Imagine how many fires we'll have when the SHTF and people try to cook food.


----------



## sailaway (Mar 12, 2009)

and it's not even devils night up there yet!:rofl:


----------



## Grimm (Sep 5, 2012)

kejmack said:


> Imagine how many fires we'll have when the SHTF and people try to cook food.


Here in SoCal it will not be fires from cooking but people being stupid. I live in a beach front city filled with college kids and stupid as a bag of hammers twenty somethings. Most will starve rather than try to eat squirrel while DH and I will be eating rabbit, wild duck and the random coyote and deer. Of course to supplement our food storage.


----------



## Magus (Dec 1, 2008)

Jimmy24 said:


> And they live amoung us.....:eyebulge: :rofl:
> 
> Jimmy


And vote and breed.:eyebulge:


----------



## Davarm (Oct 22, 2011)

Magus said:


> And vote and breed.:eyebulge:


Welcome back, see you got the puter problem TKO.


----------



## Jack Aubrey (May 24, 2009)

Y'know,I heard the Detroit police publicly warned people not to visit Detroit. I also read an article where a man is trapping raccoons and opossums in downtown Detroit. Wildlife is moving back in as people move out.What stumps me is how far we have fallen from our evolutionary past, thanks to "progress."

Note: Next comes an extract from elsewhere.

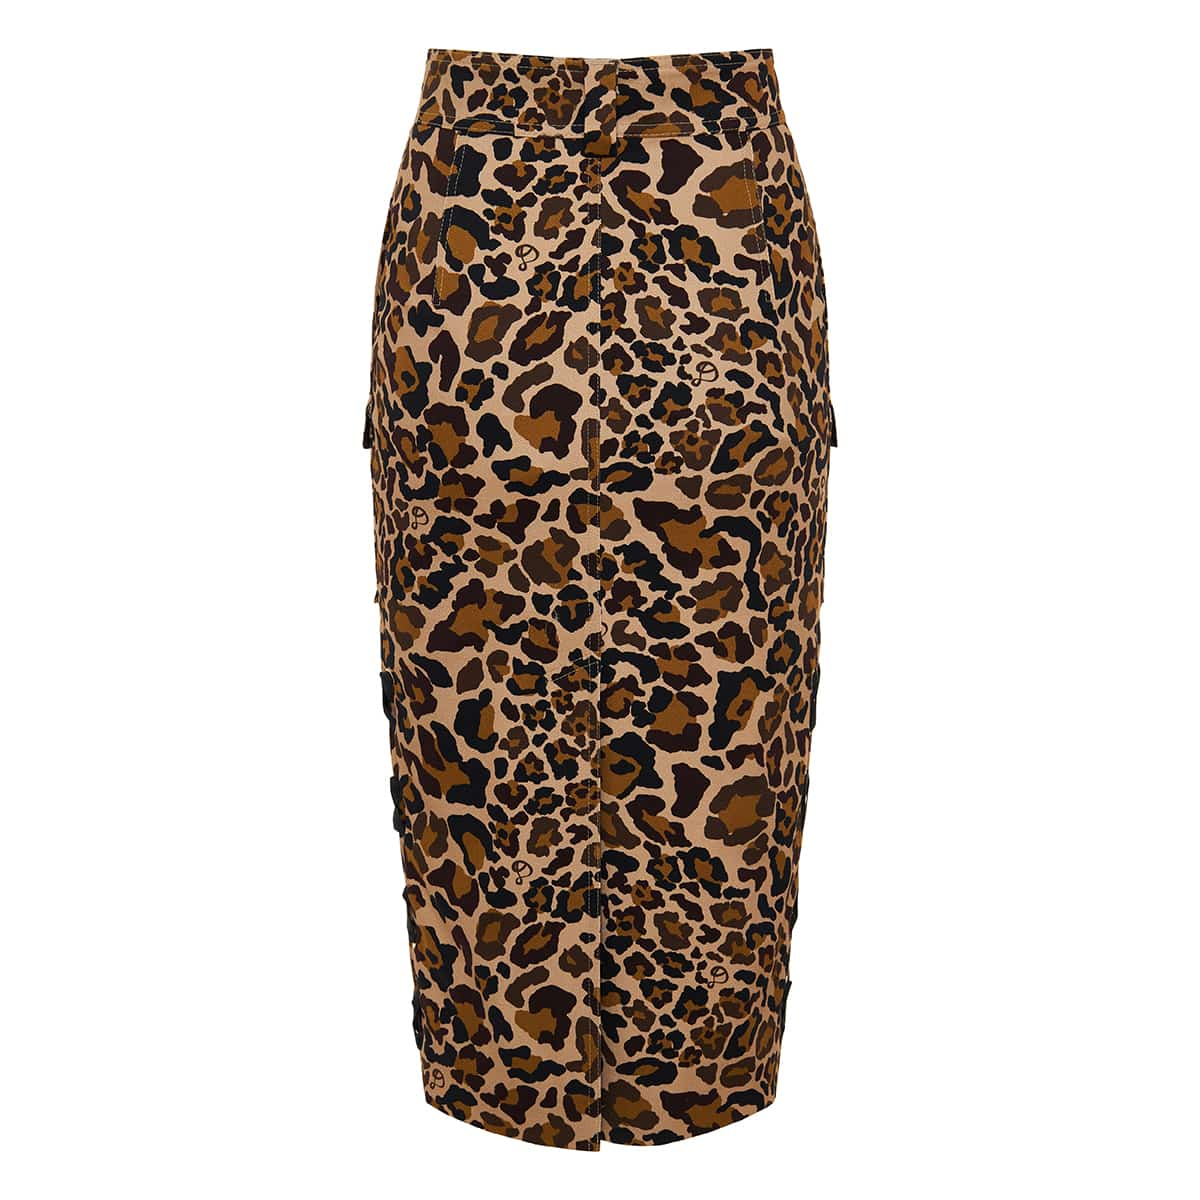 Ryder leopard print midi skirt

A hundred years ago, most Americans lived on the family farm.They knew where meat came from.Most had hunted, at least once in their lives,let alone prepared a hen.My father was born in 1929.He told me stories of his childhood...setting traps on the way to school w/ the other boys,hunting squirrels and rabbits,ect.Today, we're seeing regressive devolution.Like Bocephus said though,country folks will survive!


----------